• _TASK REQUIREMENTS_:
Pick out all lines with the word "Photo" from the records that follow.

• _DATASET EXTRACT_:
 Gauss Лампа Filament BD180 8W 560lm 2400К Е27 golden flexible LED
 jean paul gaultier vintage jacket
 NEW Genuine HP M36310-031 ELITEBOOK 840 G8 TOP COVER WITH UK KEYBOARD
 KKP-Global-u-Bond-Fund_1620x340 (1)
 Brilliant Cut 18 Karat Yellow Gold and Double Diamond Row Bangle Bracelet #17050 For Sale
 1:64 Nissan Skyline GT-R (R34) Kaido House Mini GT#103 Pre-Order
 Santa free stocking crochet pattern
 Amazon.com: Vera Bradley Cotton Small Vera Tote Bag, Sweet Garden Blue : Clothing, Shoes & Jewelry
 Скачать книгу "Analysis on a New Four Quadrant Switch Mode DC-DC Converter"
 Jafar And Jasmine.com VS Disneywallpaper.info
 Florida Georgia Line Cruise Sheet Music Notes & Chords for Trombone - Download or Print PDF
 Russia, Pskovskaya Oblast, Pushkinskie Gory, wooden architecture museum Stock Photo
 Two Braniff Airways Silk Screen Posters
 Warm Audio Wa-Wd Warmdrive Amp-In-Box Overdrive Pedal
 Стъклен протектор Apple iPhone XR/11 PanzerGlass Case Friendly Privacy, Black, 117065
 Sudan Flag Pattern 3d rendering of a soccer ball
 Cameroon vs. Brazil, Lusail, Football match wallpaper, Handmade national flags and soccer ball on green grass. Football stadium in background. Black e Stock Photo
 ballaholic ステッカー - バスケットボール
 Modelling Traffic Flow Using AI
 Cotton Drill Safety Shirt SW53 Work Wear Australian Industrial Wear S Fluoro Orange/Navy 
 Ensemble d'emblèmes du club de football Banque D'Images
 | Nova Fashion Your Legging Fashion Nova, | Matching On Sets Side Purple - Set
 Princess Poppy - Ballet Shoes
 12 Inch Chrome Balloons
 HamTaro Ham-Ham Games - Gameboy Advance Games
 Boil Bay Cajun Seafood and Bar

• _TASK ANSWER_:
 Russia, Pskovskaya Oblast, Pushkinskie Gory, wooden architecture museum Stock Photo
 Cameroon vs. Brazil, Lusail, Football match wallpaper, Handmade national flags and soccer ball on green grass. Football stadium in background. Black e Stock Photo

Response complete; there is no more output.